Essas distintas abordagens no design passam pela solução de projeto. Nesse sentido, a prática projetual tem um papel relevante na formação do discente, na medida em que propicia um ambiente de aprendizagem que se dá pela experimentação prática do método de design aplicado. Assim, a produção de vivências extensionistas no contexto do ensino e formação superior se configura como uma metodologia ativa que permite ao discente protagonismo e autonomia, ao longo de todo o processo de desenvolvimento do projeto.
CONSIDERAÇÔES FINAIS
Ao refletirmos sobre o lugar do projeto na formação do designer de ambientes, foi possível identificar que projetar é uma atividade desafiadora, que se inicia na formação acadêmica, mediante às disciplinas de prática projetual. Estas têm o papel de introduzir o discente ao exercício prático e aplicado do método de design. Nesse processo de formação, observa-se que as experiências de aprendizagem se potencializam quando se estabelecem em contextos reais. Esse cenário permite o desenvolvimento de competências e habilidades adquiridas pela autonomia e protagonismo discente. Vivências estas que geram aprendizados significativos e direcionadores para a atuação profissional.
Nesse sentido, pode-se compreender que, ao longo da formação, faz-se necessária a construção de repertórios que permitam ao discente expandir as possibilidades de prestação de serviço em design de ambientes e reconheça as complexidades do contexto estudado. A partir disso, será possível transitar por diferentes possibilidades de atuação que podem considerar desde uma entrega tradicional de um projeto para o ambiente ou mesmo uma ação de design orientada ao desenho de transformações sociais. Os diferentes níveis que envolvem os escopos da atuação profissional se estabelecem pela construção de um olhar interpretativo, advindo da aplicação do método de design em experimentações práticas.
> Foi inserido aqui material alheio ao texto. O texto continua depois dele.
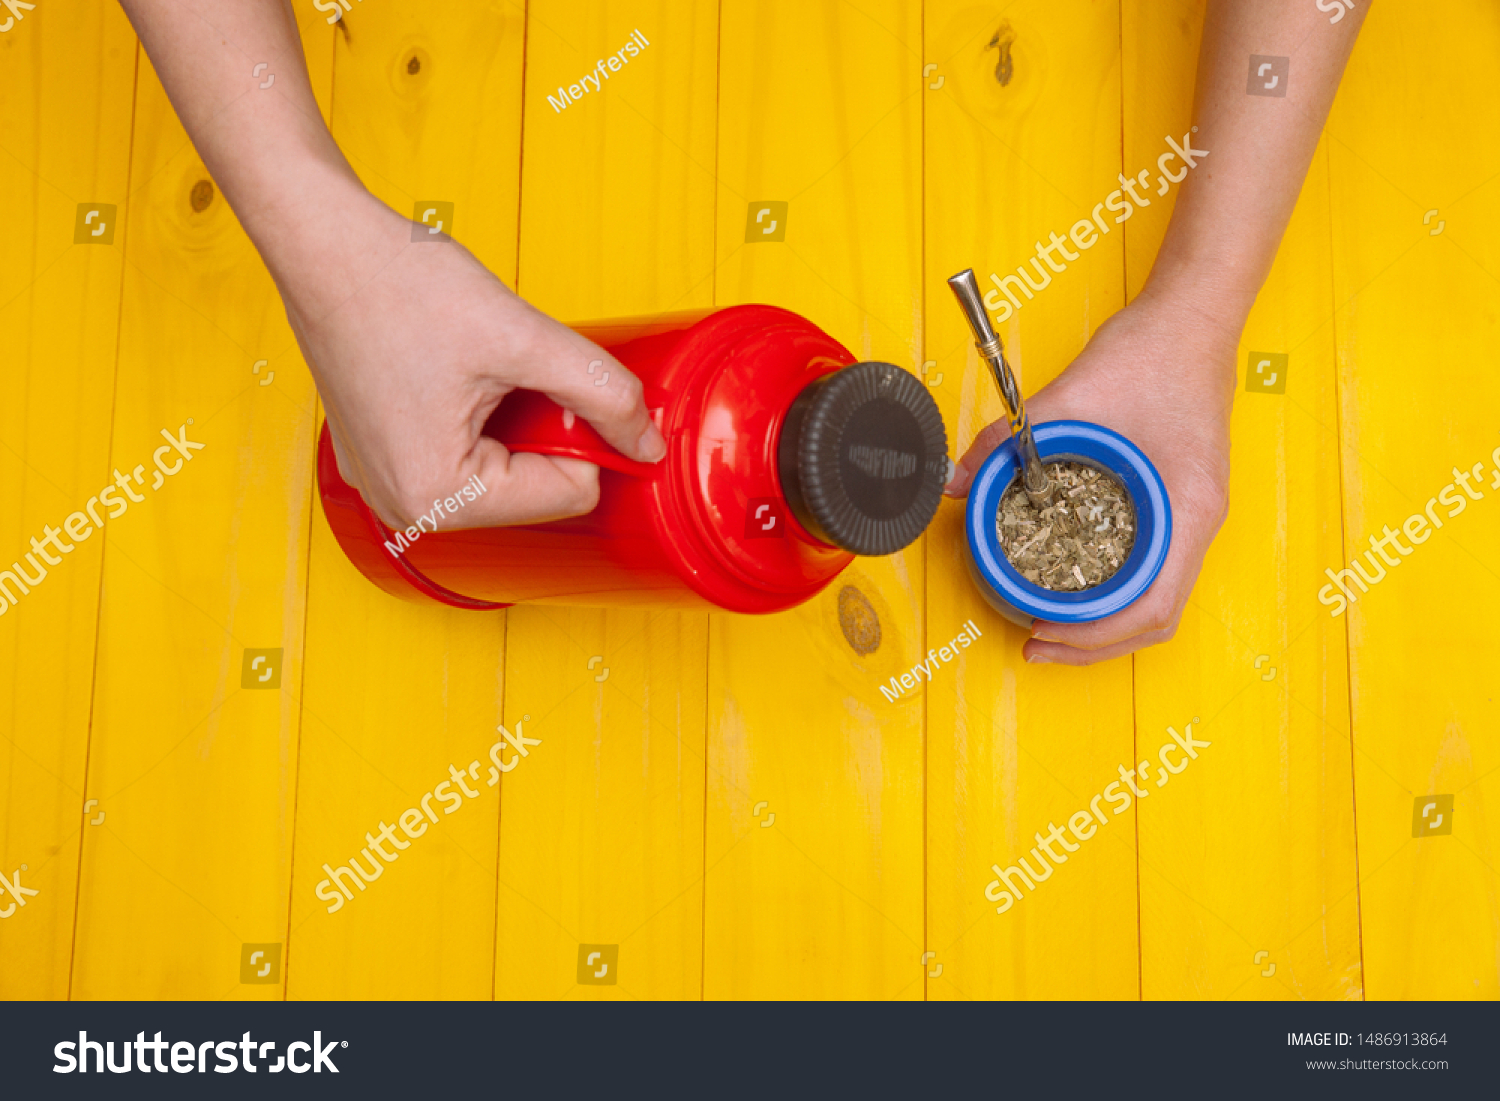 Download Blue Matte Red Thermos Yellow Wooden Food And Drink Stock Image 1486913864 Yellowimages Mockups

Trata-se, portanto, de um processo contínuo de aprendizado que se inicia na formação acadêmica e se estende para a trajetória profissional.
Mini Biografia
Sâmela Suelen Martins Viana Pessôa, designer de ambientes, mestra em Design e docente no curso de Design de Ambientes na Escola de Design da Universidade do Estado de Minas Gerais (UEMG).
REFERÊNCIAS:
ABREU, S. M. B. M. ; PESSOA, S. S. M. V. ; BAHIA, I. P. ; ALVES, M. A. ; FANI, L. S. . Ensaios na prática projetual de design de ambientes: uma abordagem sobre a práxis do ensino. Revista Intramuros, 03 fev. 2020.
BRITO, Thábata Regina de Souza; PESSÔA, Sâmela Suélen Martins Viana. O que a pós-graduação pode esperar dos tecnólogos em Design de Interiores: relato de experiência na disciplina Projeto Interdisciplinar. In: Colóquio Internacional de Design. Edição 2020.
BAHIA, I. P. O valor do design de ambientes: considerações acerca do processo de construção de valor em design de ambientes (Dissertação de Mestrado – UEMG). Belo Horizonte: 2017.
DIAS, Maria Regina Álvares Correia. O Ensino Do Design: a interdisciplinaridade na disciplina de projeto em design. Programa de Pós-Graduação em Engenharia de Produção. Universidade Federal de Santa Catarina. Dissertação de Mestrado. Florianópolis, 2004.
JONES, Peter H. Systemic Design Principles for Complex Social Systems. Social Systems and Design, Gary Metcalf editor. Volume 1 2013.
SCHNEIDER, Jakob; STICKDORN, Marc. This is Service Design Thinking: Basics – Tools –Cases. Book Industry Services (BIS) – 2010. Hardcover.
VIANNA, M. Design thinking: inovação em negócios. Rio de Janeiro: MJV Press, 2012.